A more efficient Django (SQL) query

117 views Asked by At

Working on a Django project, I have a database of users and artworks, the latter of which can be liked. I would like to query, to get how many likes on all their pictures a singular user has together. I am able to write that over two for loops in views.py, but that is slow. I've also written it as a separate (terrible) SQL query, but I'm not certain how to then use it properly, since it's not a query-set anymore (I guess I'd have to query in a way where I get all the required data?).

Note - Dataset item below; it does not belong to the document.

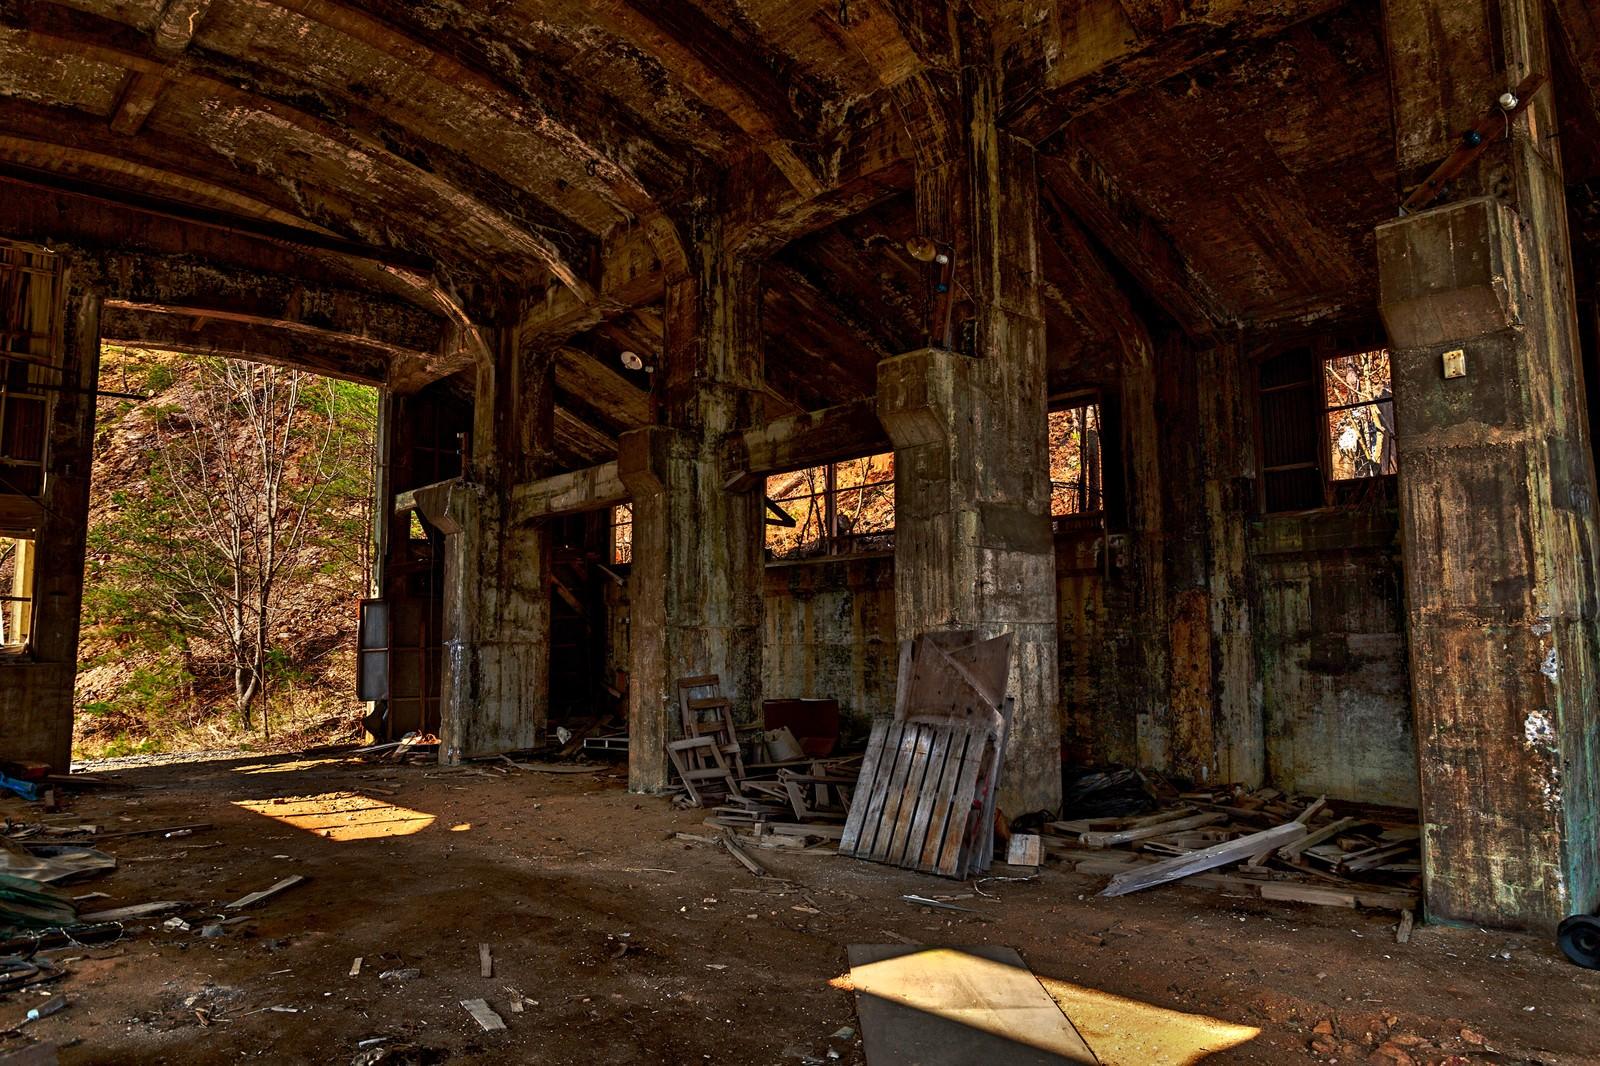 「瓦礫と今にも崩れそうな作業現場」の写真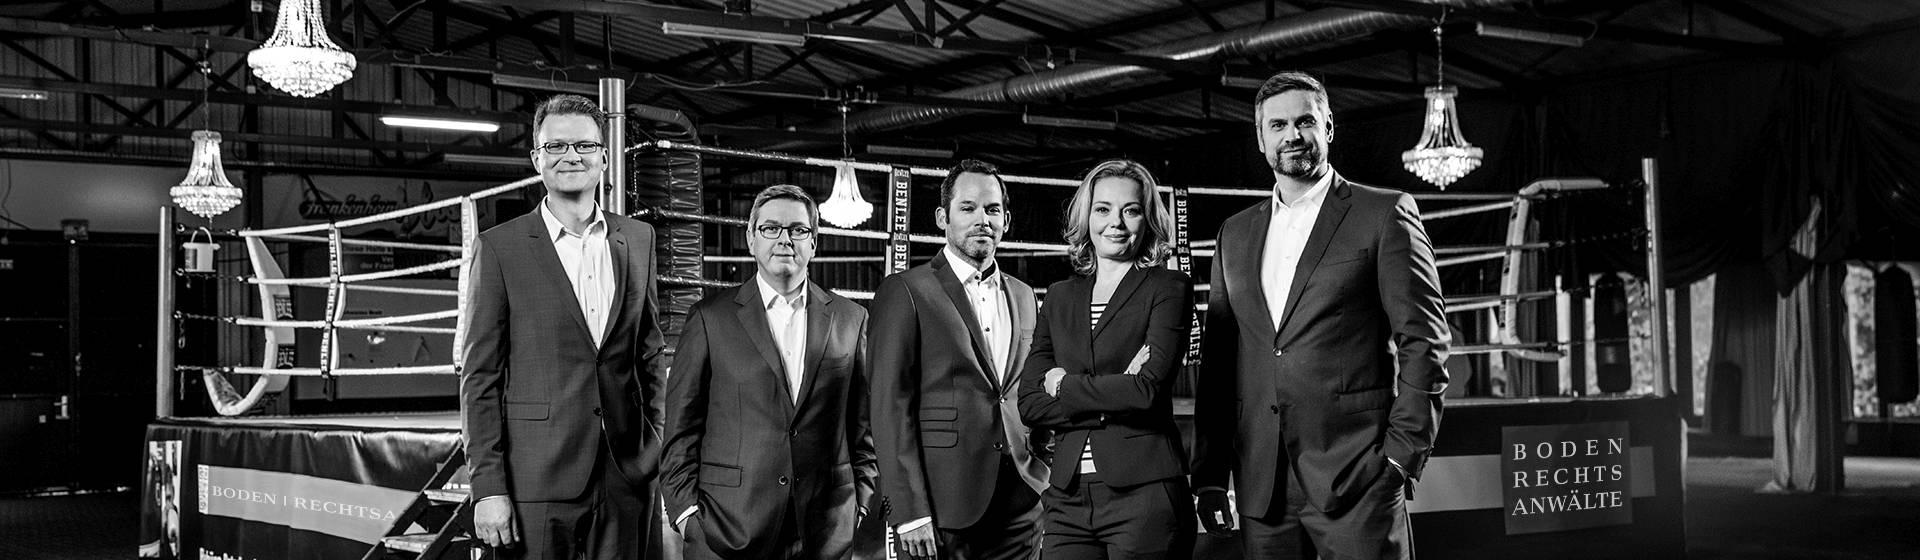 Boden | Rechtsanwälte - Team

The end idea is to simply have a table consisting of users, their emails, the number of likes their pictures have received, and the number of images posted. Here are the relevant models (I'm using the default Django auth_user table for users) and the SQL query.

class Arts(models.Model):
user_id = models.ForeignKey(settings.AUTH_USER_MODEL, on_delete=models.CASCADE, unique=False)
title = models.CharField(max_length=100)
description = models.TextField(unique=False, null=False, blank=True)
timestamp = models.DateTimeField(default=timezone.now)
url = models.URLField()
likes = models.IntegerField(default=0)

Artwork liked by user:

class Like(models.Model):                                  
artwork = models.ForeignKey(Arts, on_delete=models.CASCADE)
user = models.ForeignKey(settings.AUTH_USER_MODEL, on_delete=models.CASCADE)

my views.py for loop:

def all_users(request):
...
liked = defaultdict()
for user in users_all:
    liked[user.id] = 0
    for artwork in Arts.objects.filter(user_id=user.id):
        liked[user.id] += artwork.likes
...

SQL query

    with connection.cursor() as cursor:
    sql = """
WITH lajki AS 
(SELECT user_id_id, likes FROM artists_arts ORDER BY likes) 
SELECT user_id_id, SUM(likes) AS suma 
FROM lajki 
GROUP BY user_id_id 
ORDER BY suma DESC
"""
    cursor.execute(sql)
    def namedtuplefetchall(cursor):
        desc = cursor.description
        nt_result = namedtuple('Result', [col[0] for col in desc])
        return [nt_result(*row) for row in cursor.fetchall()]
    liked = namedtuplefetchall(cursor)

Is there a way to do this more efficiently?

1

There are 1 answers

1
willeM_ Van Onsem On BEST ANSWER

There is no need to use raw queries at all. You can query with:

from django.contrib.auth import get_user_model

def all_users(request):
    users = get_user_model().objects.annotate(
        suma=Sum('arts__likes')
    ).order_by('-suma')
    # …

The user objects that arise from this queryset will have an extra attribute .suma that will sum the likes of the related Arts objects of that user. This will normally avoid the temporary table, and just make one query.

I'm however not sure if it is a good idea to store the likes in the Arts object. This is basically data duplication (you store an aggregated form of data in the object). It turns out that keeping data in sync, even on the same database is harder. It thus might be better to count the likes for the Arts objects by the Like object.